The letter was spearheaded by U.S. House member Joaquin Castro of Texas, Sen. Elizabeth Warren of Massachusetts, House member David Cicilline of Rhode Island, who is chair of the House Antitrust Subcommittee; and House member Pramila Jayapal of Washington, who is chair of the Congressional Progressive Caucus. It's also signed by Sen. Ben Ray Luján of New Mexico and more than two dozen other liberal House members, including Alexandria Ocasio-Cortez and Jamaal Bowman of New York, Barbara Lee, Ted Lieu, Zoe Lofgren and Juan Vargas of California, Al Green and Sheila Jackson Lee of Texas and Rashida Tlaib of Michigan.

The outcry over the transaction unveiled by AT&T and Discovery in May is a sign that media watchdog organizations and others are preparing to step up public pressure on the Biden administration to monitor the pace of M&A in Hollywood and beyond.

The spur to the Justice Department comes as Kanter's division prepares to make decisions next year in its review of the complicated spinoff agreement that has an enterprise value of more than $100 million. There's chatter that industry concerns about the market clout that Disney now flexes across the global entertainment eco-system since its 2019 merger with 21st Century Fox could encourage Biden's Justice Department to take a hard look at the Discovery-WarnerMedia combo.

The deal will bring Warner Bros., HBO and HBO Max, CNN, TNT, TBS and other Turner networks together with Discovery's global suite of lifestyle, unscripted and how-to channels. The goal behind bulking up is to make the enlarged company a more formidable competitor in the global streaming race with Netflix, Disney, Amazon and others. AT&T is eager to send WarnerMedia to a new home through the spinoff that leaves AT&T shareholders with 71% of the equity in the new company, to be run by Discovery's management team.

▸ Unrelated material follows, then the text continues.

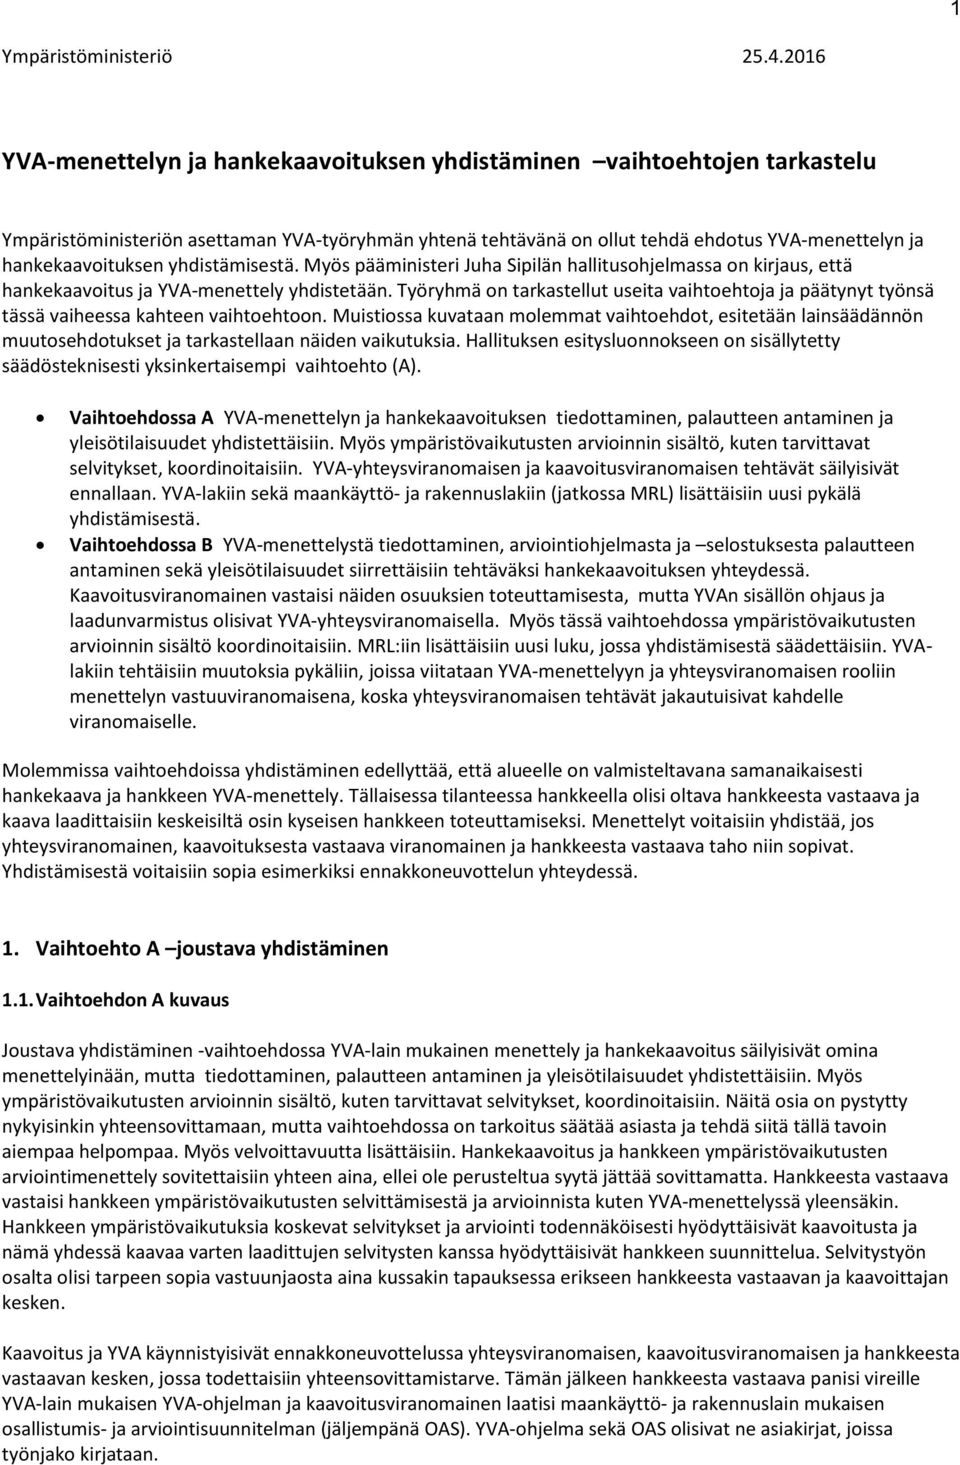 yhdistämisestä. Myös pääministeri Juha Sipilän hallitusohjelmassa on kirjaus, että hankekaavoitus ja YVA-menettely yhdistetään.

In the letter, the Democratic legislators raise concerns that employees lose out when two formerly separate large employers become one.

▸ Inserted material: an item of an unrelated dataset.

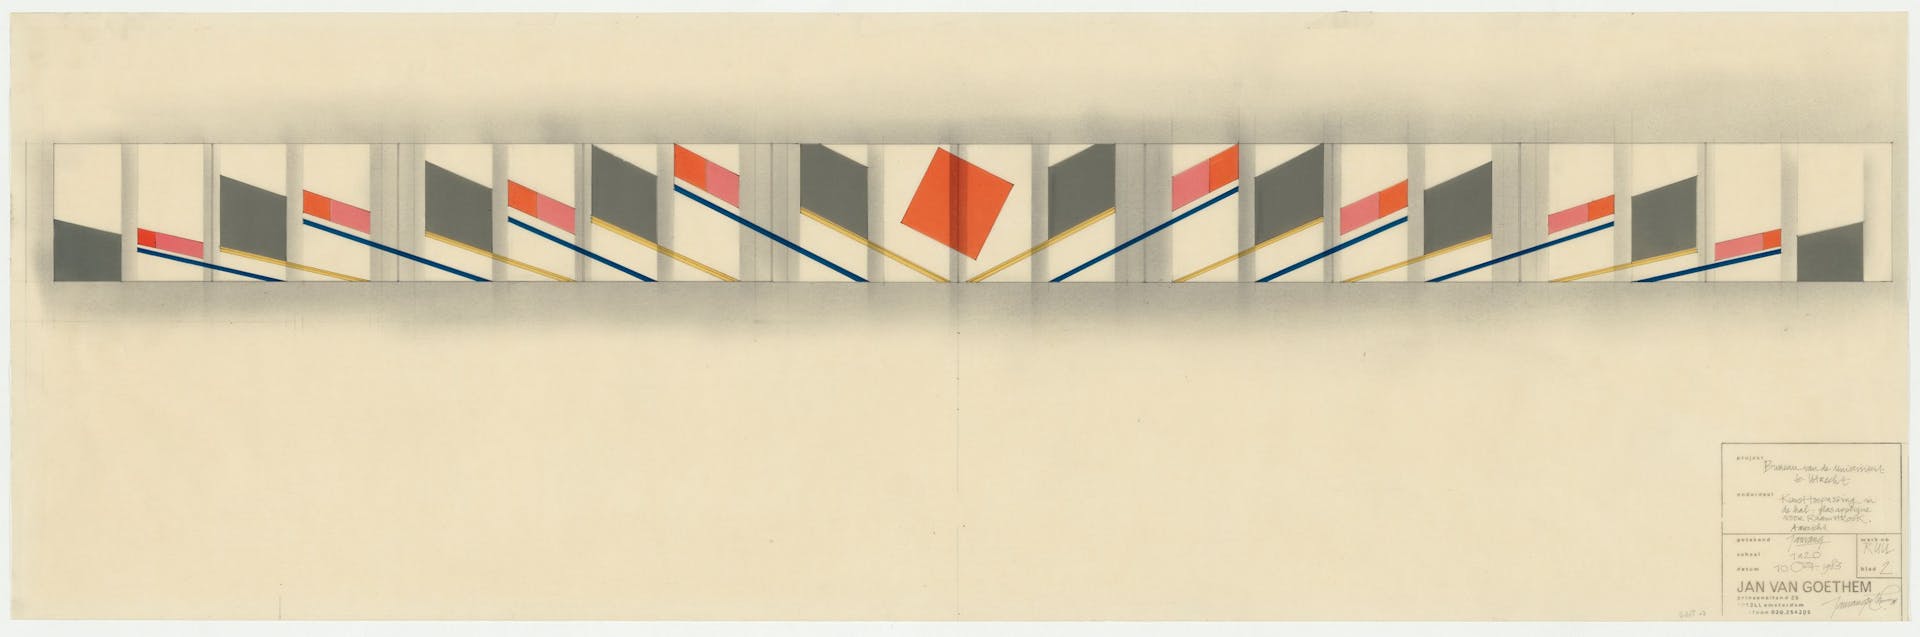 Jan van Goethem, toepassing van meerdere kleuren zips op transparant papier voor een glasdecoratie in een raamstrook van de Universiteit Utrecht, 1983. De zips geven hier het werkelijke kleurenpalet weer van het uit te voeren ontwerp. Collectie…

"Competitive markets create more high-quality jobs and give workers more freedom and flexibility to change jobs and negotiate for better pay and working conditions. Furthermore, in the absence of competition, the rise of employers' market power reduces the power of workers to "voice and exit," increasing their risk of exploitation," the letter states. "Enforcement of our anti-merger laws is especially critical for workers from marginalized communities. In the past, mergers across all industries have disproportionately led to job losses for workers identifying as racial and ethnic minorities compared to their white counterparts."

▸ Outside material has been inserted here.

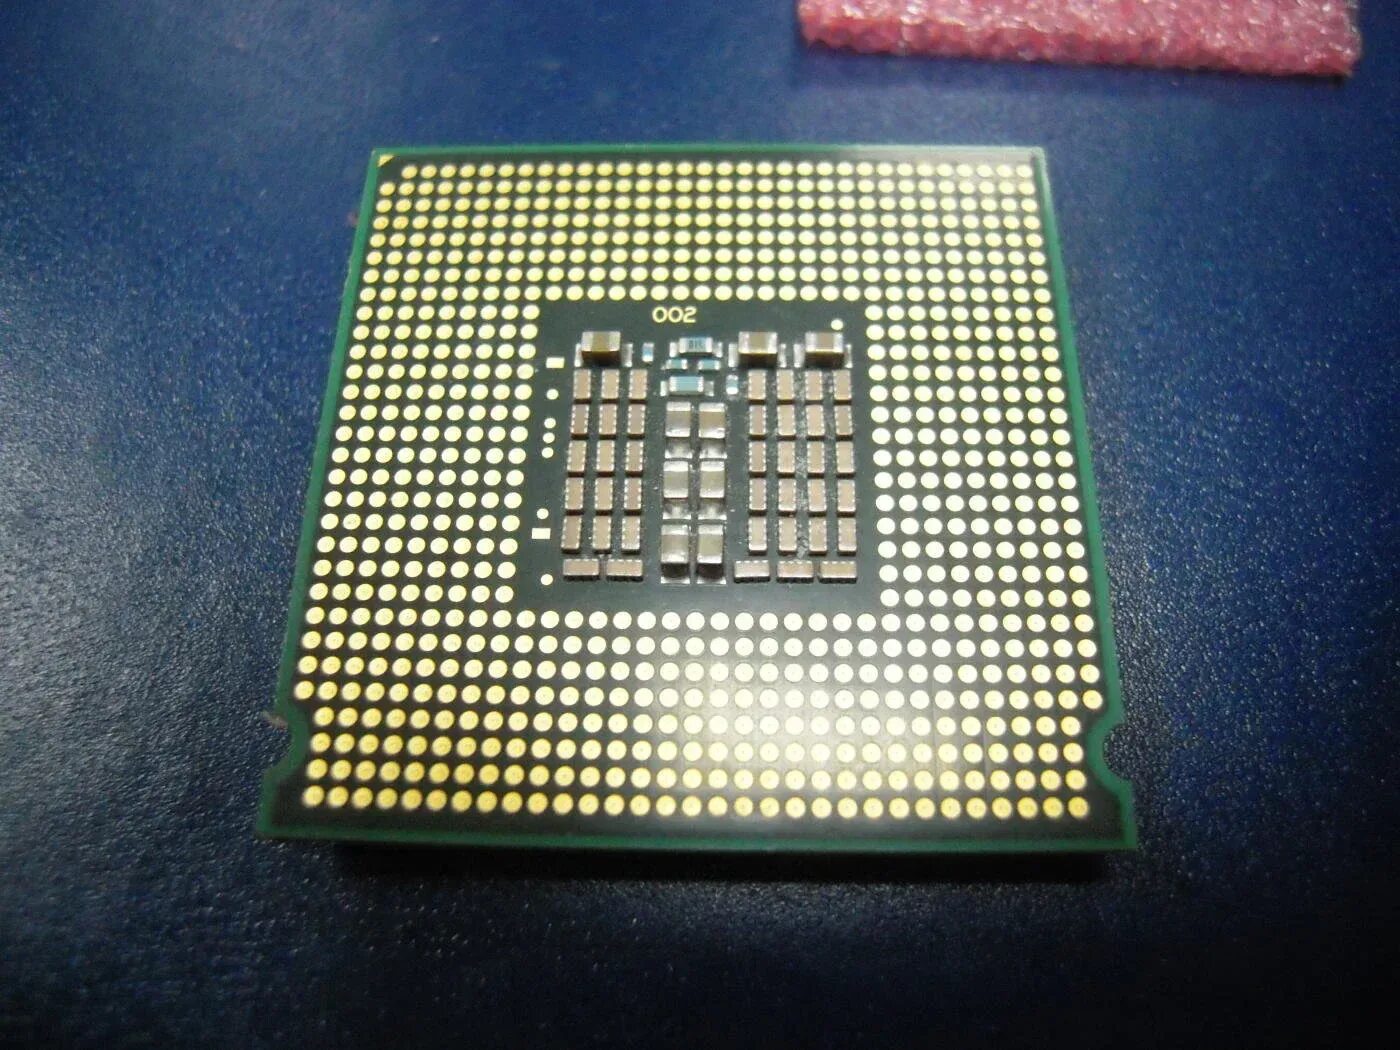 771 сокет. Xeon на 775 сокет. Xeon 5110. Самый мощный процессор на 775 сокет.

Signed by numerous members of the Congressional Hispanic Caucus, the warning to Garland cites the low representation of Latinx communities at all levels of media as a reason to be vigilant about maintaining diverse voices on the airwaves and on the big screen.

"Despite representing nearly one-fifth of the population, Hispanics are systematically the most under-represented on-screen compared to other demographics' population share," the letter states. "A more consolidated, less competitive marketplace may only reduce the competitive pressure on media companies to provide consumers with more diverse and inclusive programming."